- WHAT THE TASK REQUIRES: Set down the whole listing below exactly. The pictures stay out.

- SOURCE DATA:

#####

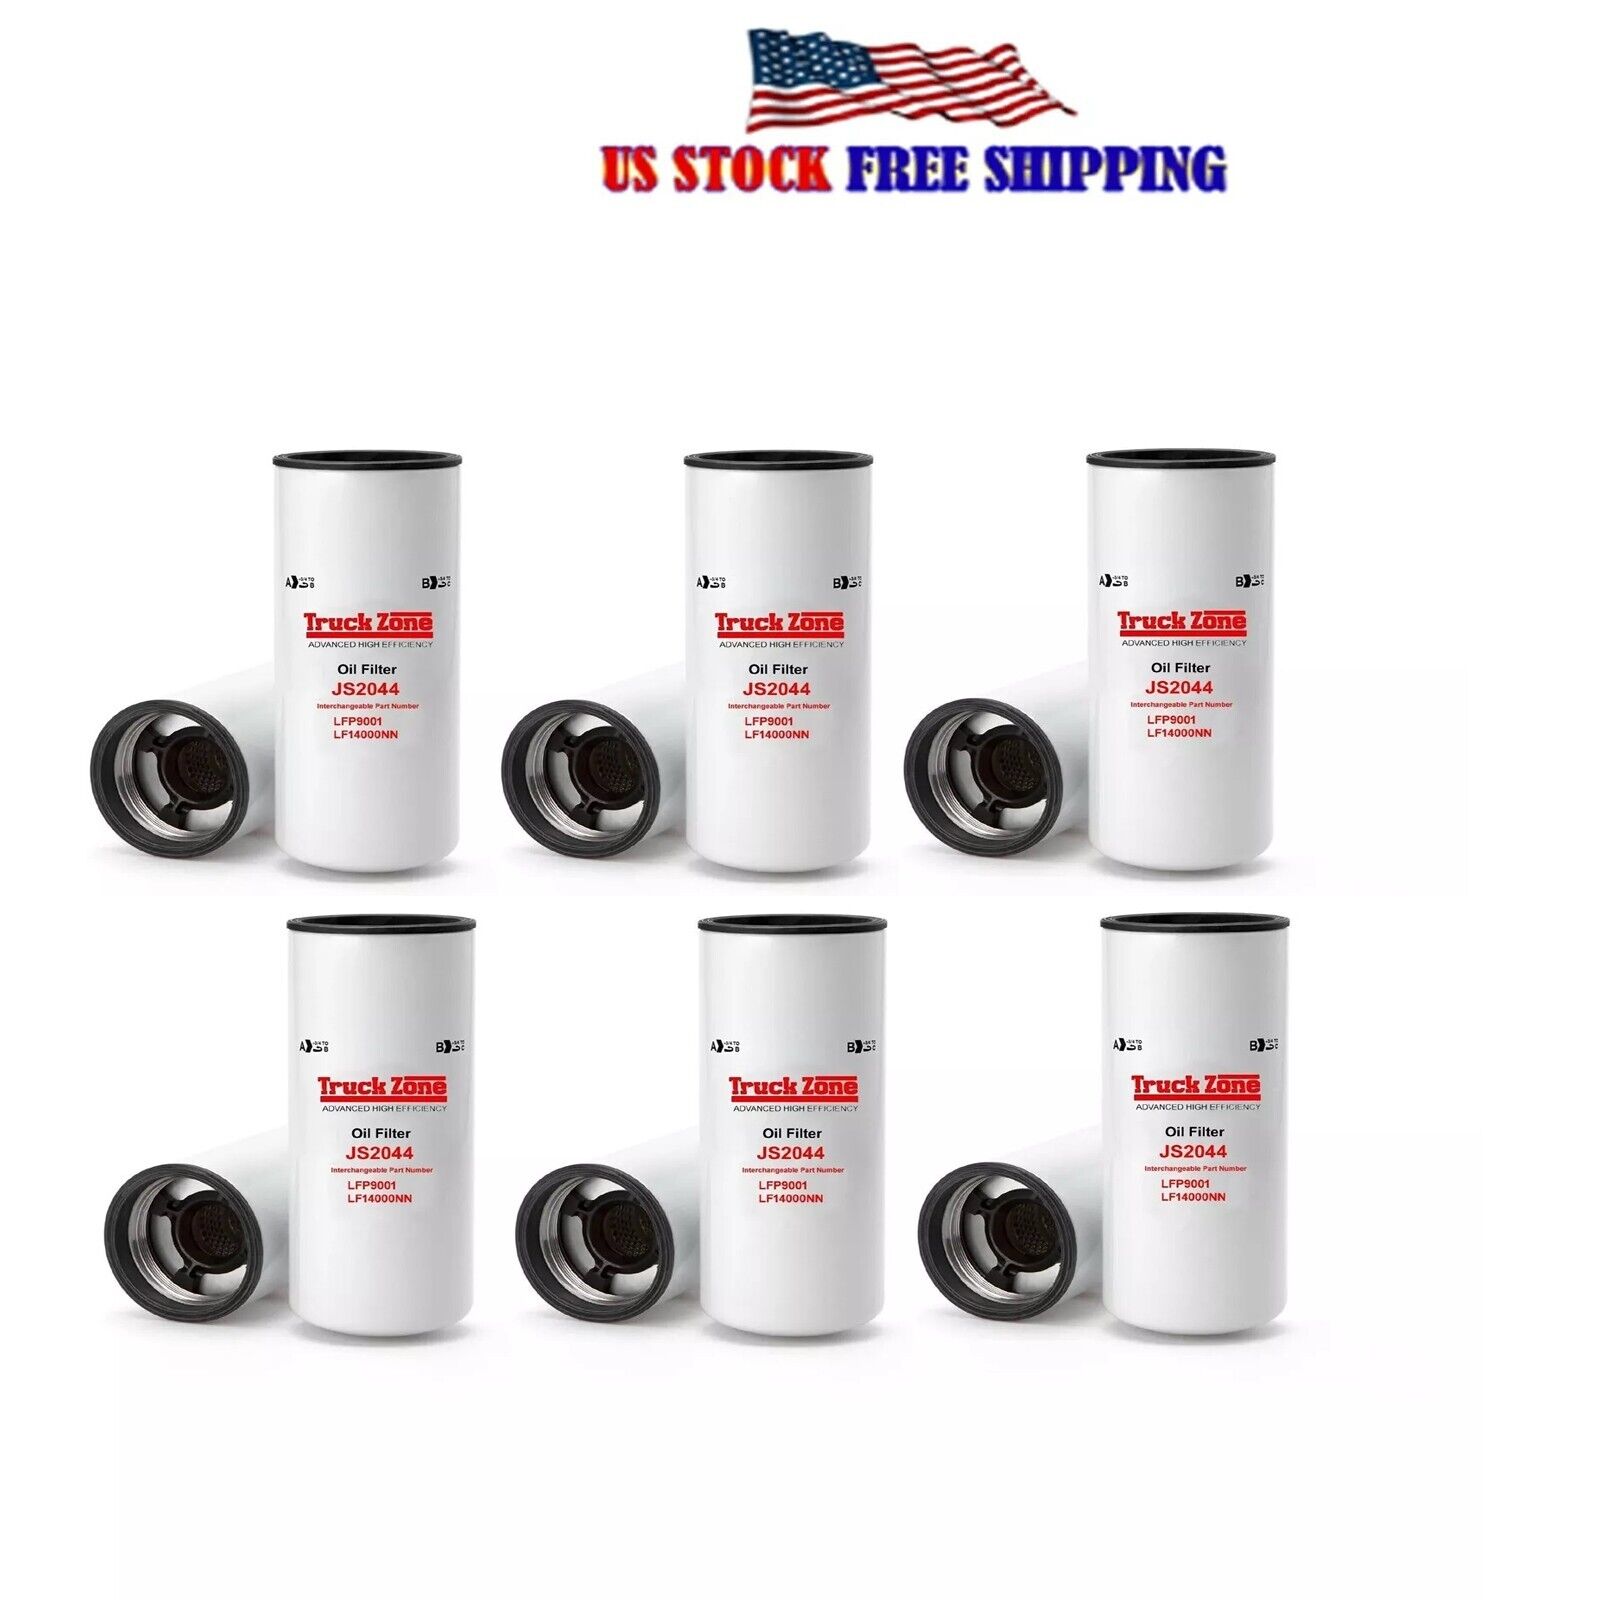 LFP9001-Engine Oil Filter Replaces LF14000NN, LFP9001 PH8691 LF9001 (Pack of 6)
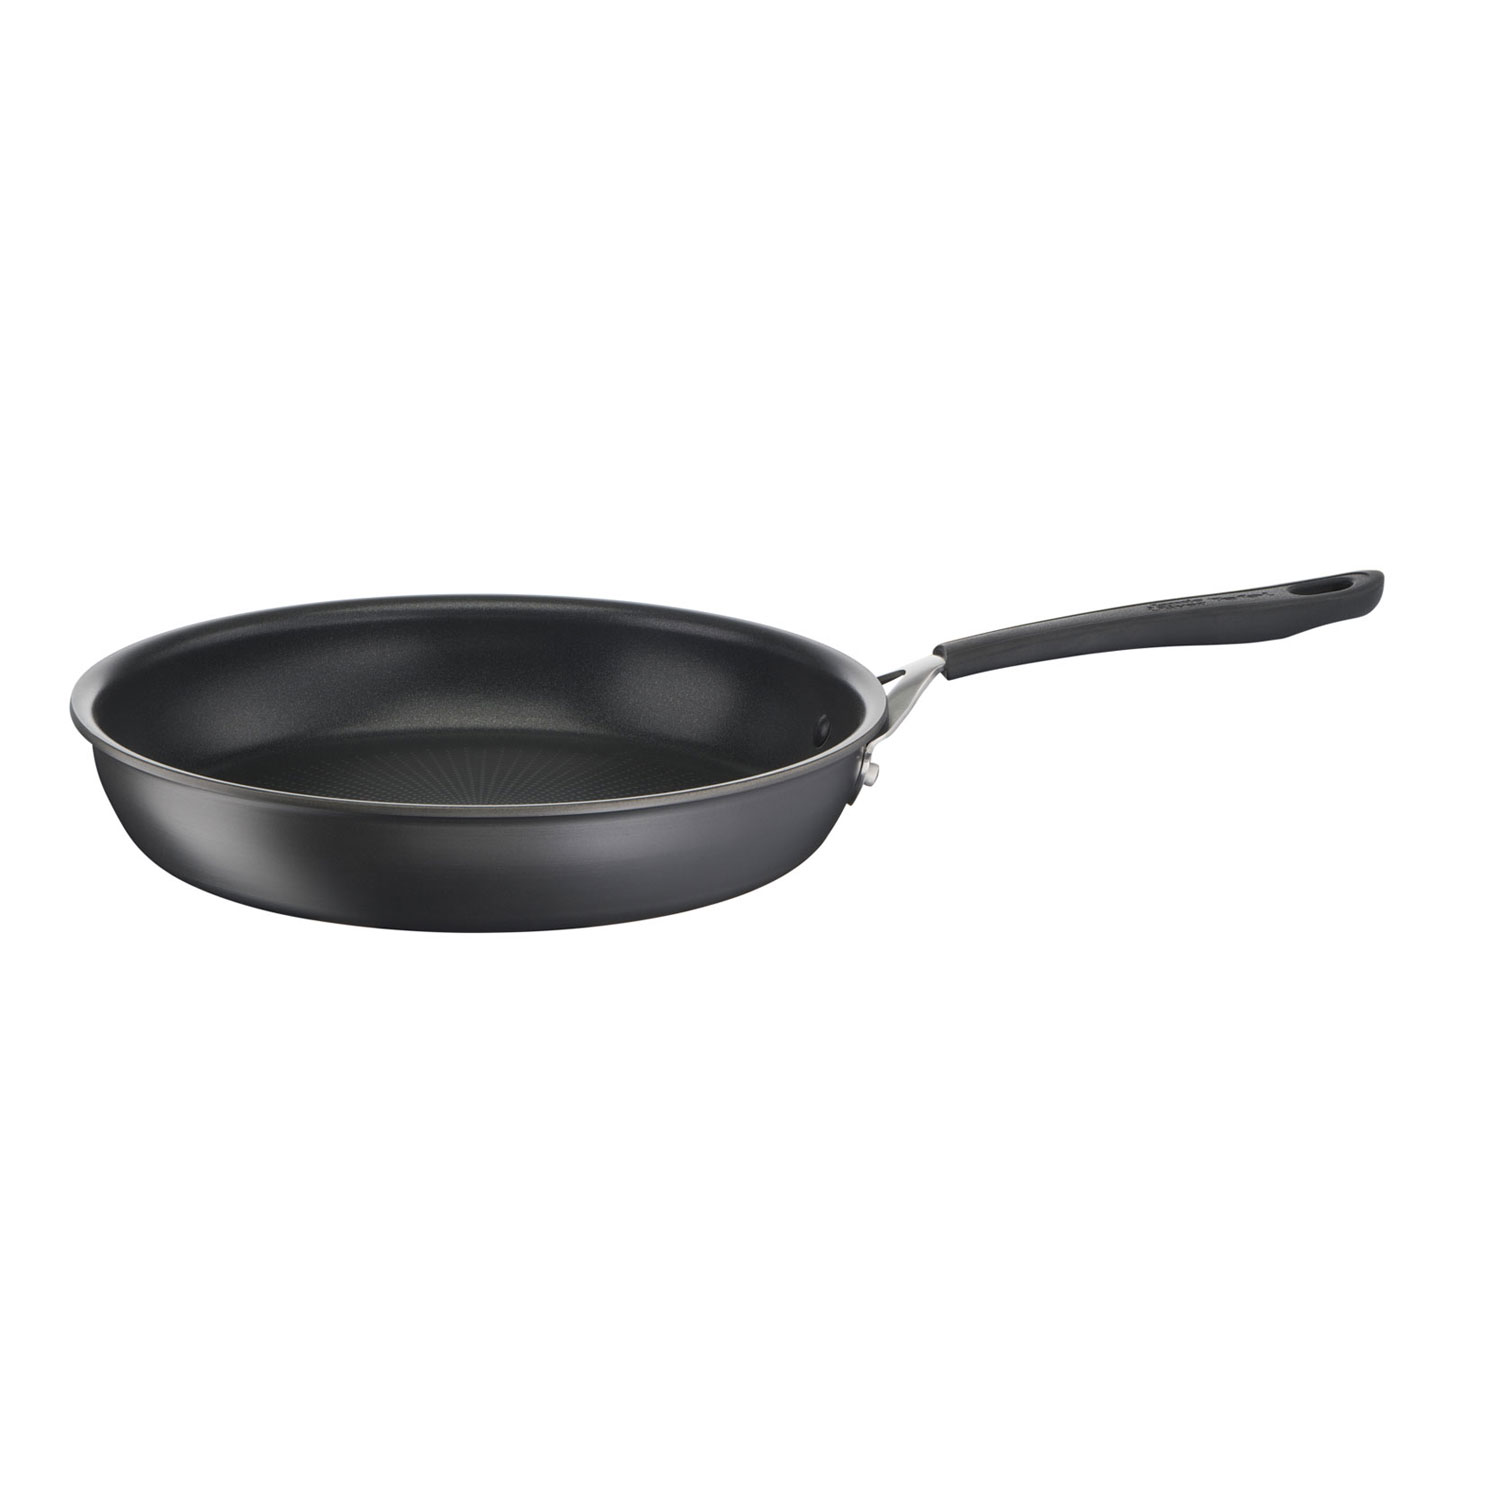 Jamie Oliver Quick & Easy Hard Anodized Frypan, 11 inch by T-Fal
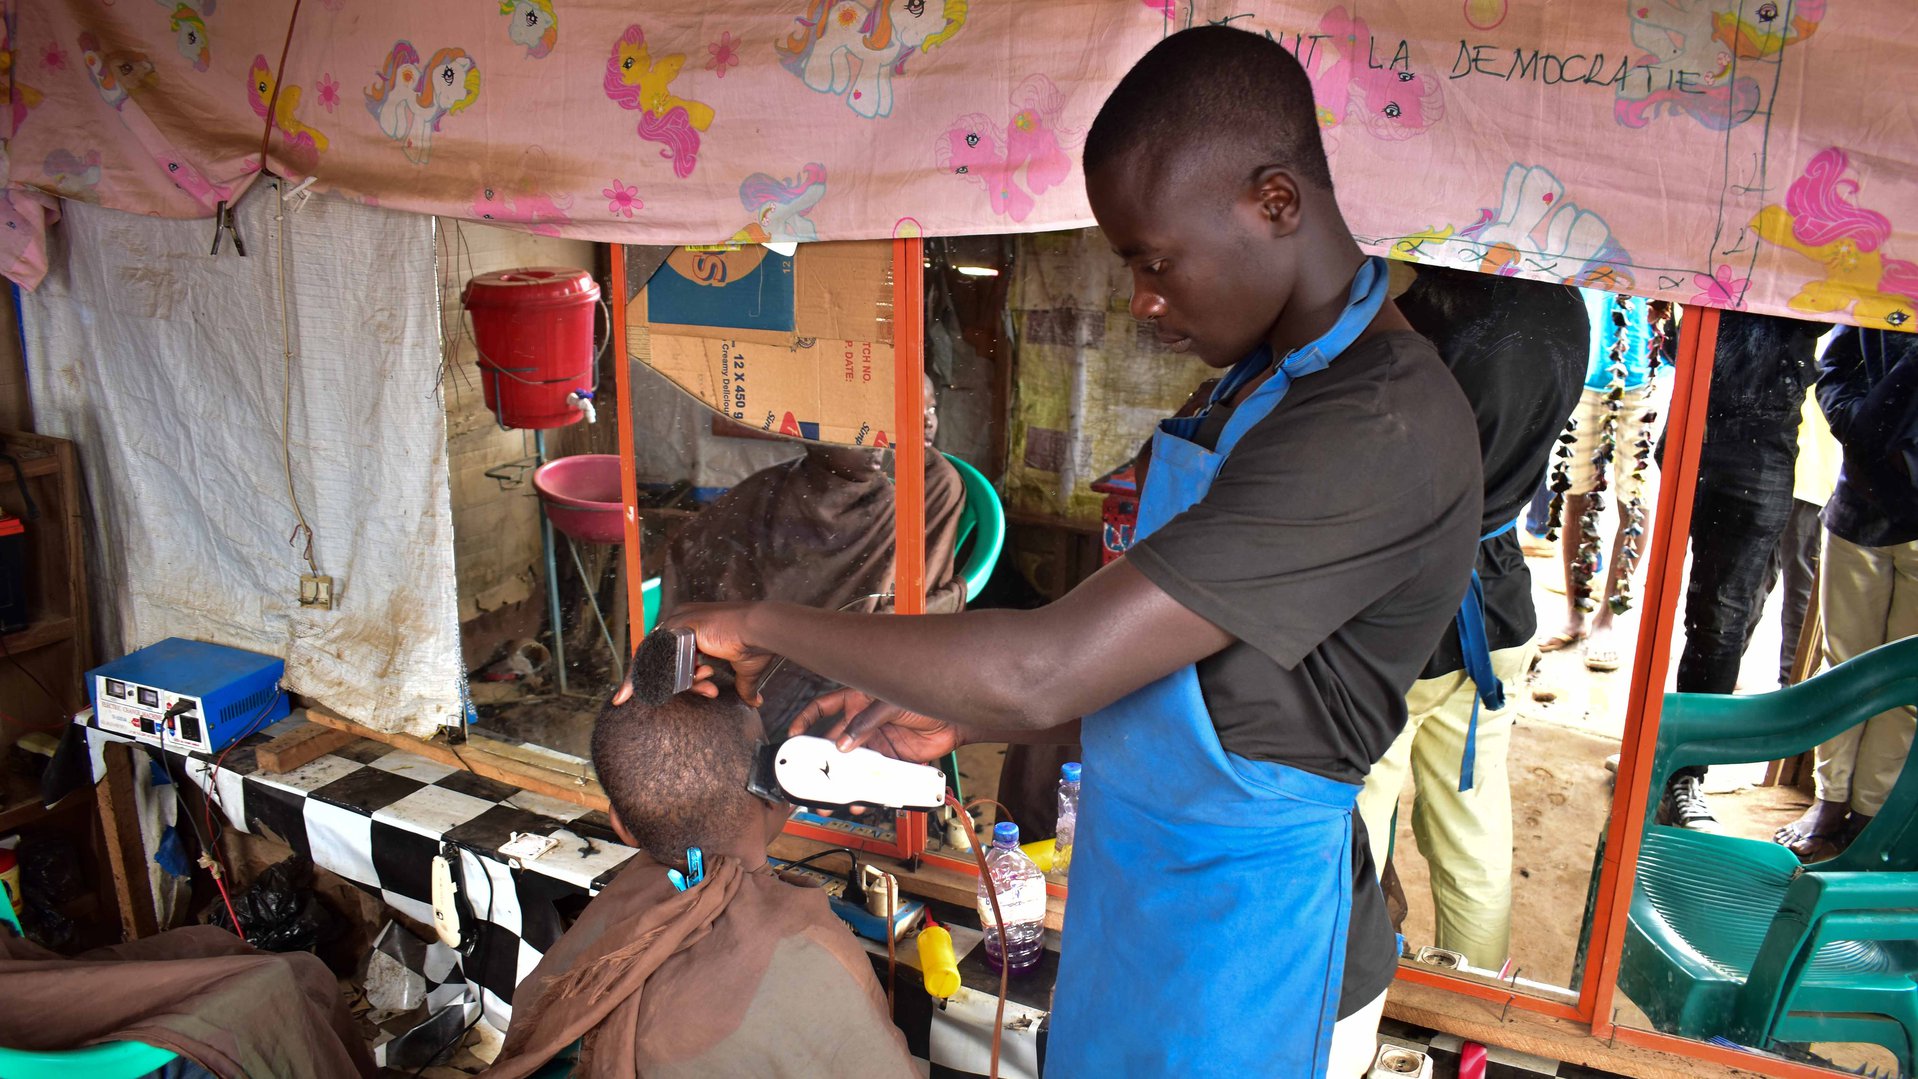 War child's entrepreneurial and vocational training helps youth prepare themselves for the labour market
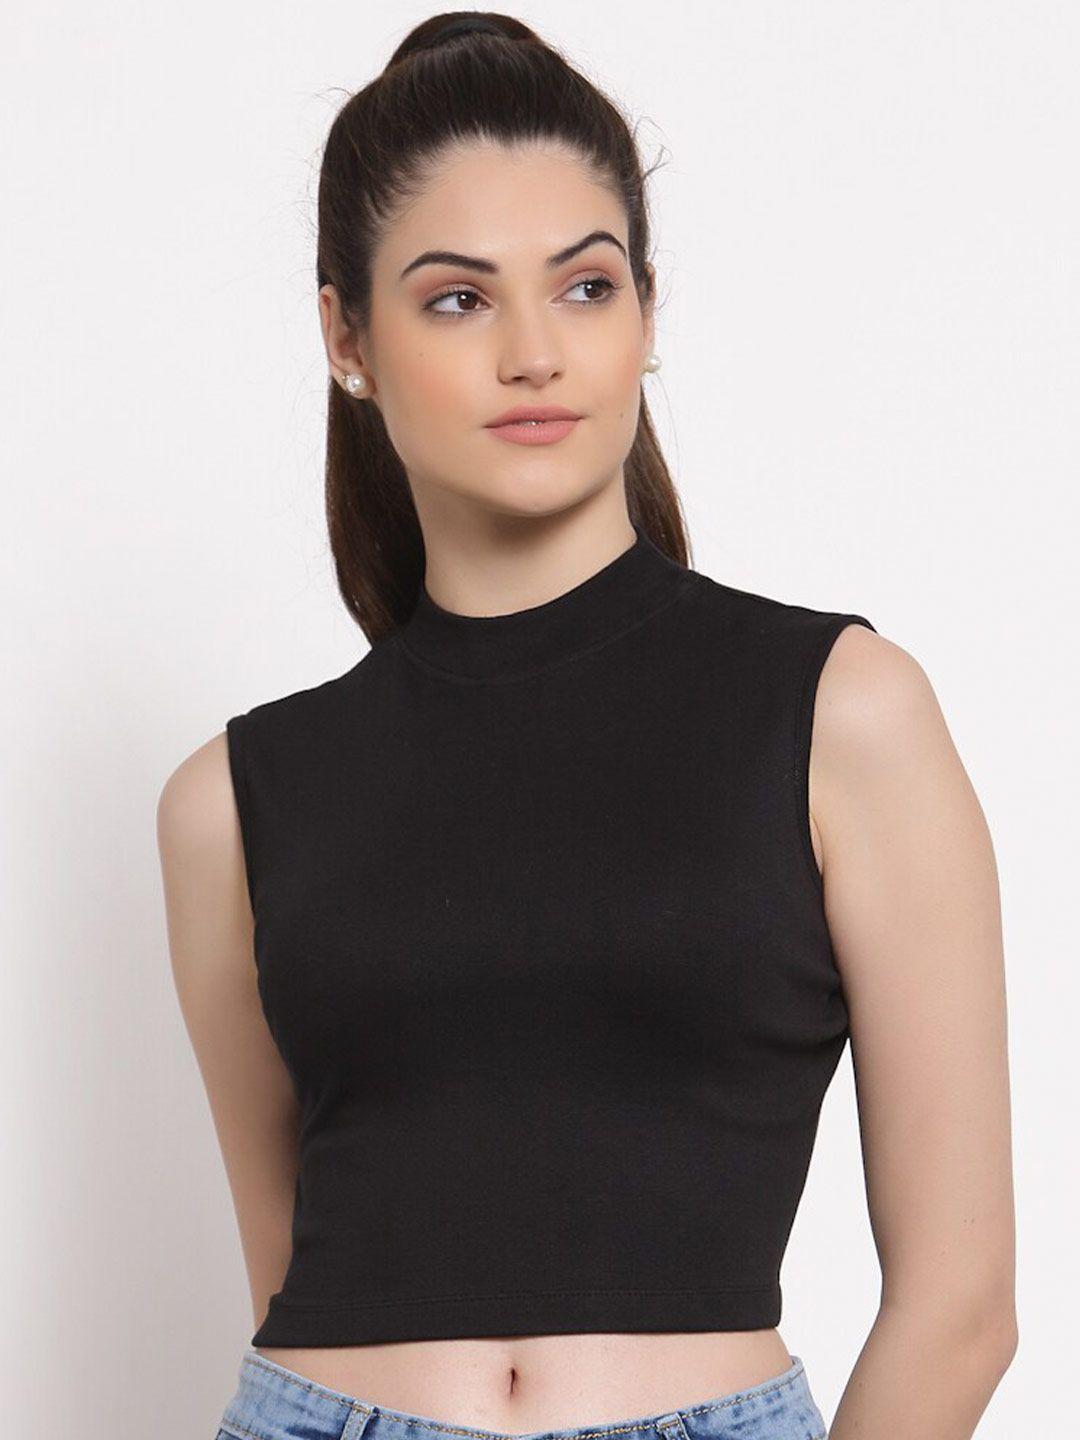 style-quotient-black-fitted-crop-top

#####

- RESPONSE BOX:
 LFP9001-Engine Oil Filter Replaces LF14000NN, LFP9001 PH8691 LF9001 (Pack of 6)
 Jamie Oliver Quick & Easy Hard Anodized Frypan, 11 inch by T-Fal
 War child's entrepreneurial and vocational training helps youth prepare themselves for the labour market
 style-quotient-black-fitted-crop-top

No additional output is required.